● The problem: From the line containing "ESSR Central #103" down to the last line of the material, return those lines verbatim and only those.

**** Material provided

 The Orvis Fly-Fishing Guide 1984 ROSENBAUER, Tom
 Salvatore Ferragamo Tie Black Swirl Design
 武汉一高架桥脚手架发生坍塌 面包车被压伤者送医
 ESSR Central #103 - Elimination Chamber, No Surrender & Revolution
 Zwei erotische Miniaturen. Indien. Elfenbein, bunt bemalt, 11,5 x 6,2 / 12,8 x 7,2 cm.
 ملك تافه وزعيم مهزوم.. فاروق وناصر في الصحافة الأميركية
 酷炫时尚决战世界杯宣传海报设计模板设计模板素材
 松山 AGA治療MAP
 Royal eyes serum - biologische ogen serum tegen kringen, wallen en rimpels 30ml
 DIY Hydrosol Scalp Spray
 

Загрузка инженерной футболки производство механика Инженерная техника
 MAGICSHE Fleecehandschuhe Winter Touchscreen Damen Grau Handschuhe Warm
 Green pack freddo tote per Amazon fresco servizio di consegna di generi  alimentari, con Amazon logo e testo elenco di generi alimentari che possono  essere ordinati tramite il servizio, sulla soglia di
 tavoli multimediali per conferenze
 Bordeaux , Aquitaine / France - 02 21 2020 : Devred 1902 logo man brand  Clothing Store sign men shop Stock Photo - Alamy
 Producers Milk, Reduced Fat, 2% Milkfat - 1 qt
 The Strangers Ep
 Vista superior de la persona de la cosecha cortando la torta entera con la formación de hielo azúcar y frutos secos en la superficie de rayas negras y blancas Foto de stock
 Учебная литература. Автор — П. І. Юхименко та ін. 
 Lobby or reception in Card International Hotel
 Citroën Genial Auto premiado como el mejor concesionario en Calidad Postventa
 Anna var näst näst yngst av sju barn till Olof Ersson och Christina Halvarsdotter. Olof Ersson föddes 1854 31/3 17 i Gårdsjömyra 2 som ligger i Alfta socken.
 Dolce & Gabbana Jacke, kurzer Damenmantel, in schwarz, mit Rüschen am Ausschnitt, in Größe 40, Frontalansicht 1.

********

● Completed exercise:
 ESSR Central #103 - Elimination Chamber, No Surrender & Revolution
 Zwei erotische Miniaturen. Indien. Elfenbein, bunt bemalt, 11,5 x 6,2 / 12,8 x 7,2 cm.
 ملك تافه وزعيم مهزوم.. فاروق وناصر في الصحافة الأميركية
 酷炫时尚决战世界杯宣传海报设计模板设计模板素材
 松山 AGA治療MAP
 Royal eyes serum - biologische ogen serum tegen kringen, wallen en rimpels 30ml
 DIY Hydrosol Scalp Spray
 

Загрузка инженерной футболки производство механика Инженерная техника
 MAGICSHE Fleecehandschuhe Winter Touchscreen Damen Grau Handschuhe Warm
 Green pack freddo tote per Amazon fresco servizio di consegna di generi  alimentari, con Amazon logo e testo elenco di generi alimentari che possono  essere ordinati tramite il servizio, sulla soglia di
 tavoli multimediali per conferenze
 Bordeaux , Aquitaine / France - 02 21 2020 : Devred 1902 logo man brand  Clothing Store sign men shop Stock Photo - Alamy
 Producers Milk, Reduced Fat, 2% Milkfat - 1 qt
 The Strangers Ep
 Vista superior de la persona de la cosecha cortando la torta entera con la formación de hielo azúcar y frutos secos en la superficie de rayas negras y blancas Foto de stock
 Учебная литература. Автор — П. І. Юхименко та ін. 
 Lobby or reception in Card International Hotel
 Citroën Genial Auto premiado como el mejor concesionario en Calidad Postventa
 Anna var näst näst yngst av sju barn till Olof Ersson och Christina Halvarsdotter. Olof Ersson föddes 1854 31/3 17 i Gårdsjömyra 2 som ligger i Alfta socken.
 Dolce & Gabbana Jacke, kurzer Damenmantel, in schwarz, mit Rüschen am Ausschnitt, in Größe 40, Frontalansicht 1.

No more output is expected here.